Que lisent-ils ? Regardent-ils ? Écoutent-ils ? Comment la crise sanitaire a impacté leurs habitudes ? En résidence en Mayenne de janvier à novembre 2020, le photoreporter Arnaud Roiné a posé ces questions à une quinzaine de jeunes, de 7 à 19 ans, ainsi qu’à une dizaine d’adultes : enseignants, libraires jeunesses ou artistes intervenant en milieu scolaire.

Une série interrogeant le lien des jeunes à la culture, dont cet article est extrait.

Fanny

Libraire à M’Lire Anjou à Château-Gontier-sur-Mayenne. Spécialisée en littérature jeunesse.

« Pour le rayon 0/3 ans, ce sont les parents et les grands-parents qui viennent à la librairie.
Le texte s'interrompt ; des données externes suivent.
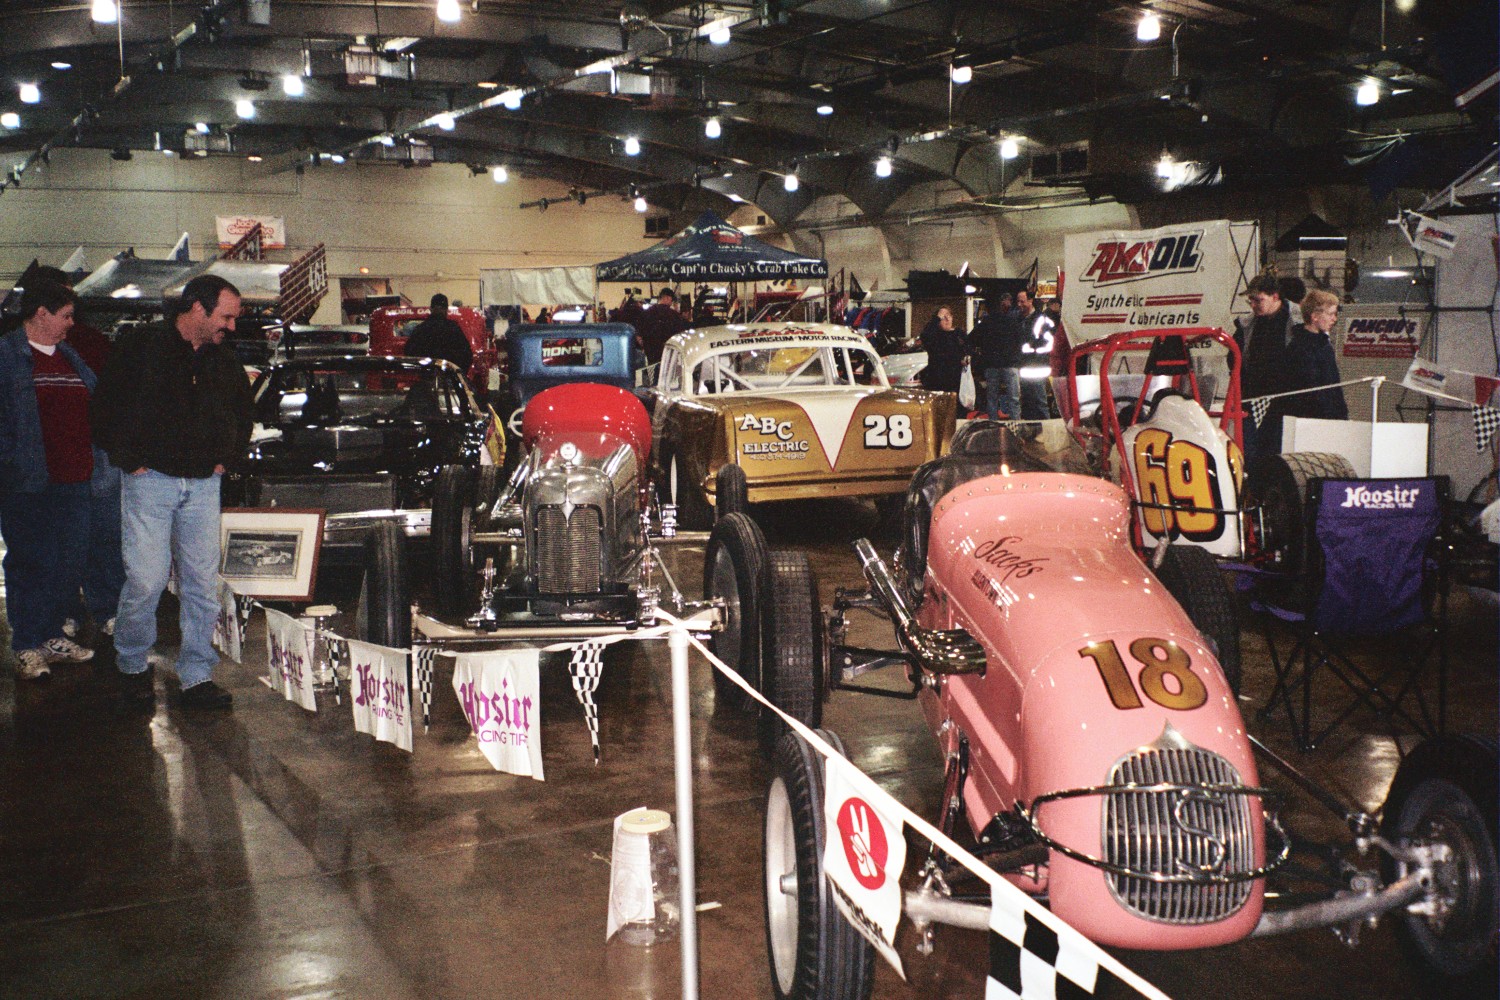 Lot of vehicles on display at the 2006 show...

Ensuite, des premières lectures jusqu’au collège, souvent, les parents sont accompagnés de leurs enfants. Certains adolescents poussent la porte seuls mais on voit quand même une baisse de la fréquentation à partir de la deuxième moitié du collège.

Nous travaillons beaucoup avec les enseignants, ils tiennent à ce que les ados viennent chercher eux-mêmes les livres imposés par l’école. On voit donc beaucoup d’ados venir ici. Cette idée a ses limites car neuf fois sur dix ils ne regardent rien de plus que ce qu’ils doivent venir chercher. Mais le peu qui va voir un autre rayon, c’est déjà ça.

C’est tout de même une population difficile à capter et je trouve que ça s’explique. Ce n’est pas par manque de propositions car il y a des choses extraordinaires qui se font en littérature pour cette tranche d’âge. Une des limites, c’est que les jeunes manquent de temps ; ils sont hyper sollicités par les écrans certes, mais aussi par le travail scolaire. La nouvelle réforme du lycée qui oblige à lire des classiques est aussi un point bloquant. Quand je vois ce qu’ils viennent chercher, je les plains vraiment. Alors qu’au collège, ils peuvent lire de la littérature contemporaine et écrite pour eux. Du coup, leur temps de lecture est consacré aux lectures scolaires et c’est un frein pour les réorienter et les motiver à lire autre chose.

À la fin du premier confinement, j’ai constaté un petit sursaut. Comme s’il y avait eu un ras-le-bol des écrans et autres. Ils sont venus chercher des bouquins. J’ai vraiment senti que mon rayon ados bougeait plus. Je pense qu’il y a eu un regain de lecture, une envie d’autre chose. »

Article publié dans le hors-série Les jeunes et la culture. Regards et préjugés du magazine Tranzistor, paru en mars 2021.